Blog前南風病院院長 福永秀敏先生の雑感

大分県重症難病患者医療ネットワーク研修会(前)(2019/02/04) 

1月26日、国立病院機構西別府病院の主催する大分県重症難病患者医療ネットワークの研修会に講師として招かれた。
   西別府病院は大分県の重症難病医療の拠点病院であり、神経難病在宅支援に関わる看護師、訪問看護師、ケアマネ、ヘルパーなどを対象にした研修を企画したのである。個人的には私は大分県の、特にALSに関わってきたメンバーとは十数年前からご縁があり、何度か講演などで訪問してきた。当日の講演でも紹介したが、1997年に湯布院で開催されたALS患者会との研修会や、2011年には第2回大分難病研究会で講演する機会があった。この時にはスポンサーになってくれていたテルモの当時の鹿児島支店長だった岡村さんと豊肥線(九州横断鉄道)での3時間の旅となり、そのことがきっかけで2013年からの鹿児島セイフティネット研究会の発足につながった。また大分県には豊後高田市の東さんや難病協議会の上原さんなど長いお付き合いのある人もいる。
   鹿児島から大分へは飛行機ではいけないし、日豊線は接続が悪いので、結局小倉周りを選択することになった。ちょっと時間はかかるのだが、何となく楽しみな「旅」になった。ちょうどこの26日は旧第三内科の開講記念会が予定されていたが、この日の日程はずいぶん前に決まっていたので致し方なかった。
   朝、鹿児島中央駅を7時6分に発車する九州新幹線の指定席に乗車した。車内は予想に反してガラガラである。熊本を通過するまで地震が来ないかと心配したが、この時間帯は無事スルーできた。(この懸念はあたっており、翌日の午後2時過ぎには熊本を中心にした震度5弱の地震があり、新幹線も20分ほど停まっている)。

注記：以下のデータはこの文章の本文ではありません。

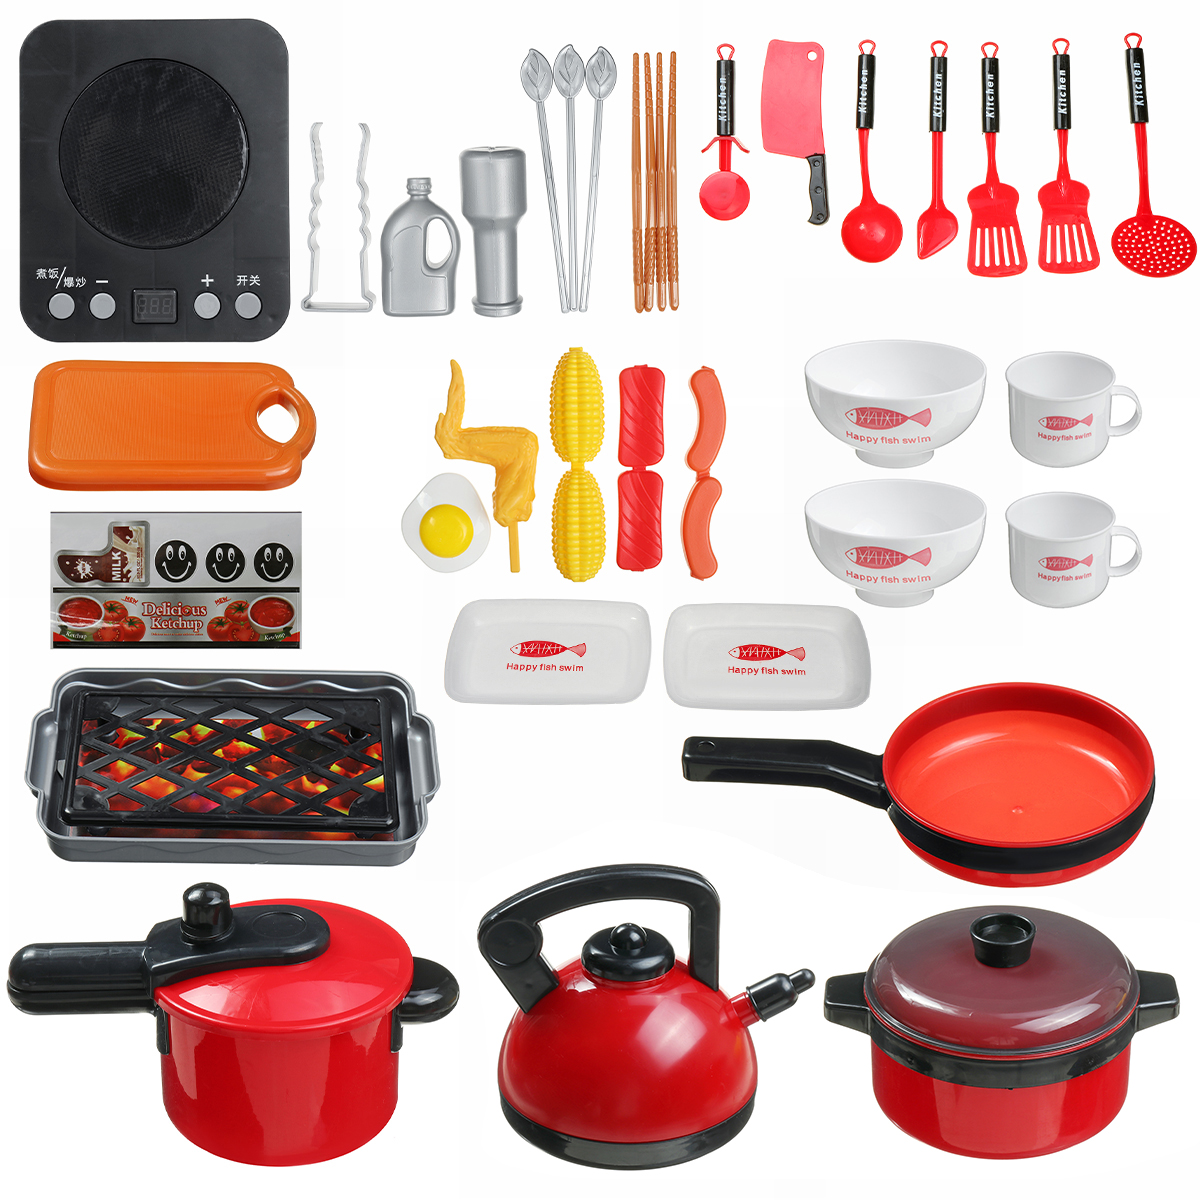 1636-Pcs-Kid-Play-House-Toy-ABS-Plastic-Kitchen-Cooking-Pots-Pans-Food-Dishes-Cookware-Toys-1627711-7

   博多駅で9時1分発のソニック9号に乗り換え、別府駅には11時前に着くことができた。小倉駅ではどういう訳か進行方向が逆になり(スウィッチバック)、座席を回転することになっていた。小倉を過ぎて行橋辺りからは車窓から見える景色は一変し、一面の銀世界である。遠くに見える山々は冠雪し、吹雪が激しく舞っており、一面の銀世界である。
   別府駅に到着後、翌日の帰りの指定席を予約しておこうと気を利かせたが、緑の窓口は長蛇の列で、おまけにソニックの指定席は全て満席となっていた。別府は中国や韓国の観光客には温泉がらみで人気があり混雑していると聞いていたが、ここまでとは思わなかった。

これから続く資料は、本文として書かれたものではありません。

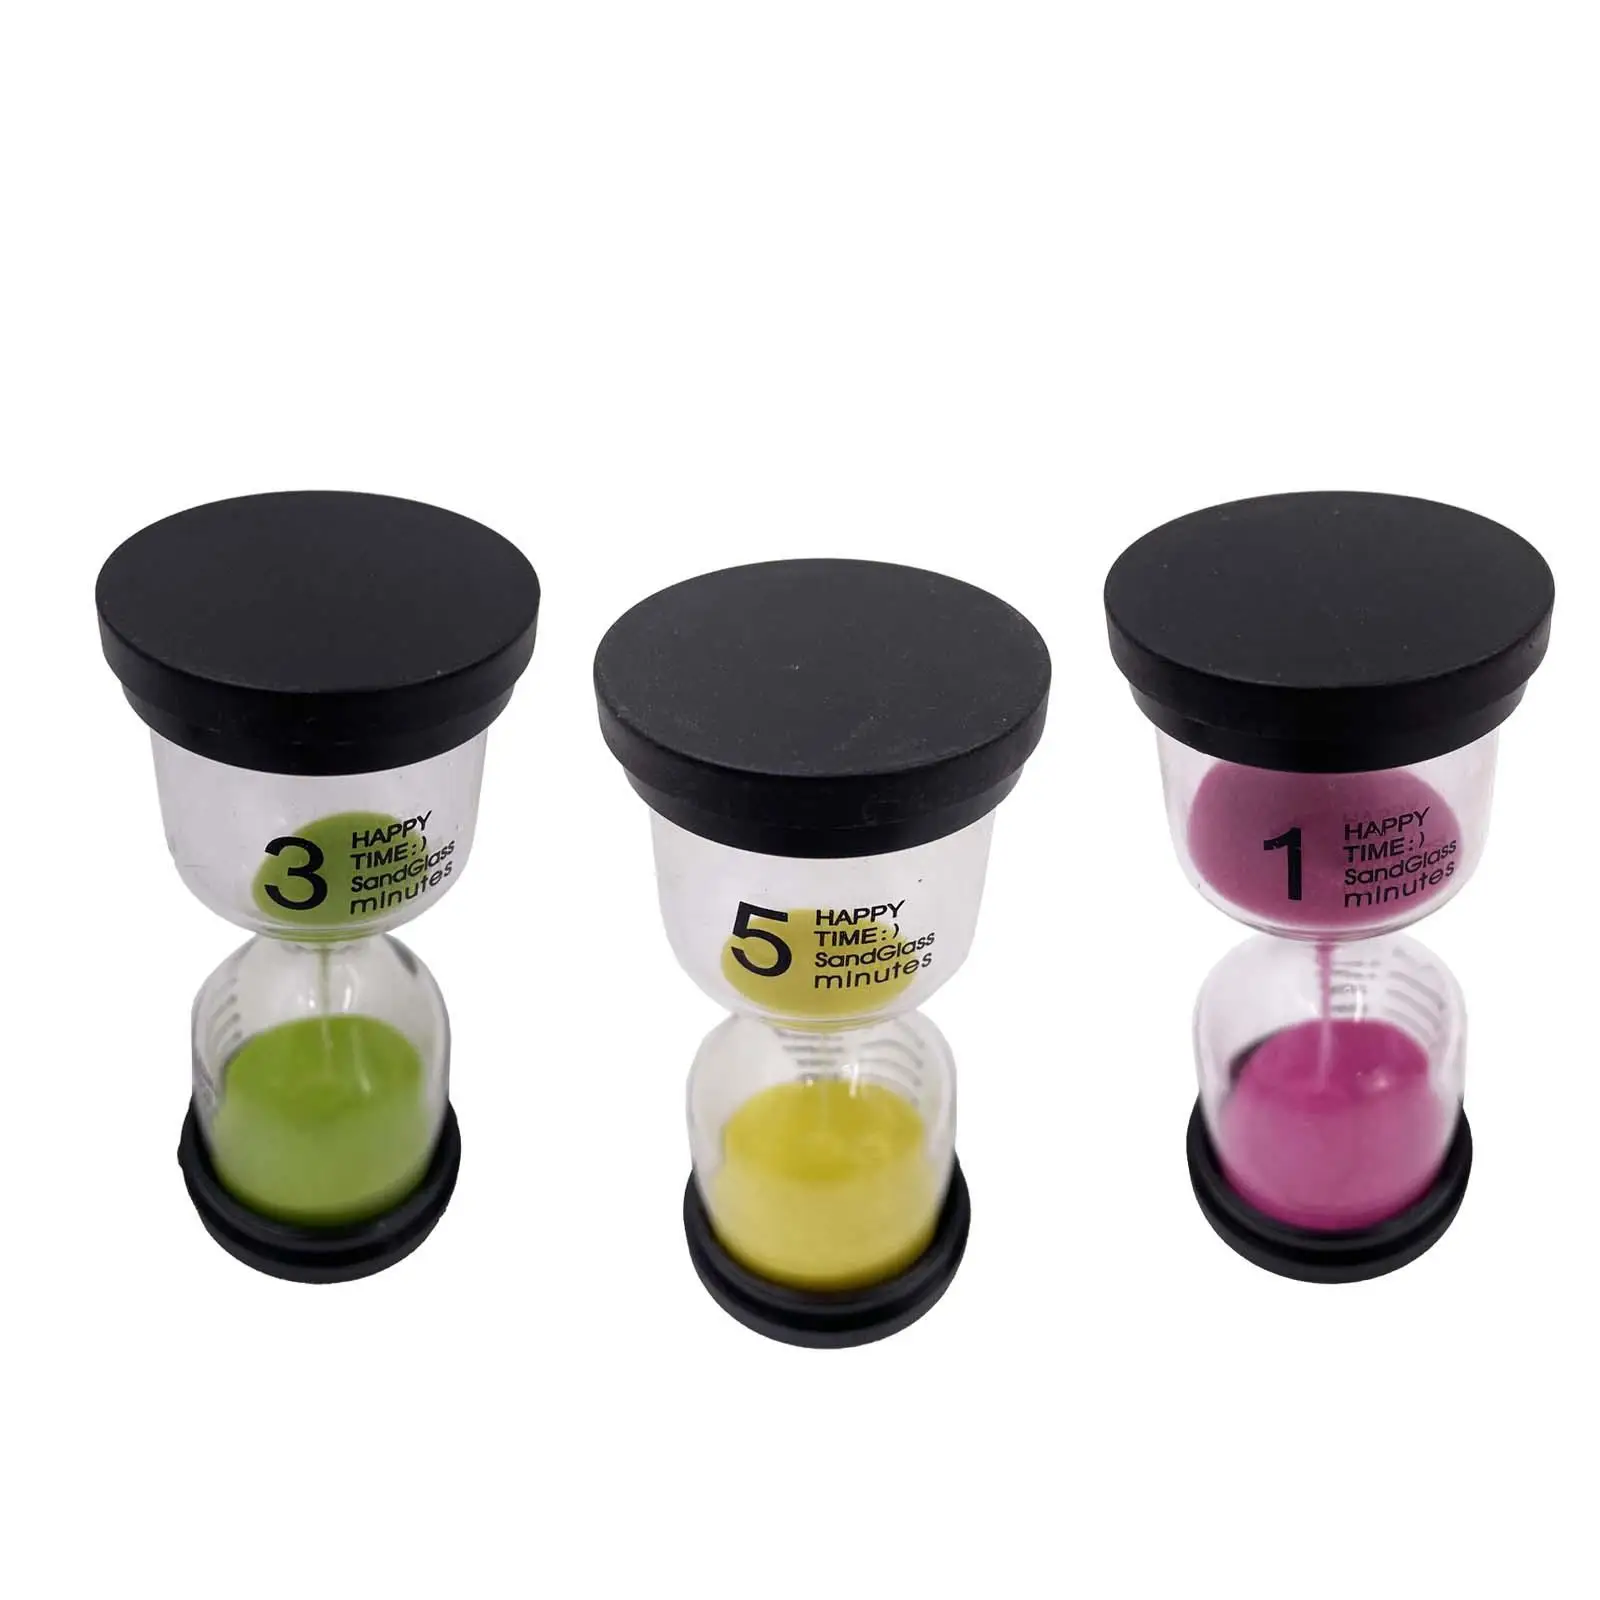 3x Sand Clock timers Sandglass timers Durable, Decorative Colorful Hourglass for Kitchen, Mantel Book Shelf Office Decoration

   講演会場はビーコンプラザとなっていたので、天気がよければ歩いてちょうどの距離である。ところがみぞれ交じりの強風が吹き荒れていたので断念し、バス乗り場に行ってみた。しばらく並んでいたら係の人が来られて、「ビーコン経由の湯布院行きは積雪のために運行停止です」ということで、仕方なくタクシーに飛び乗った。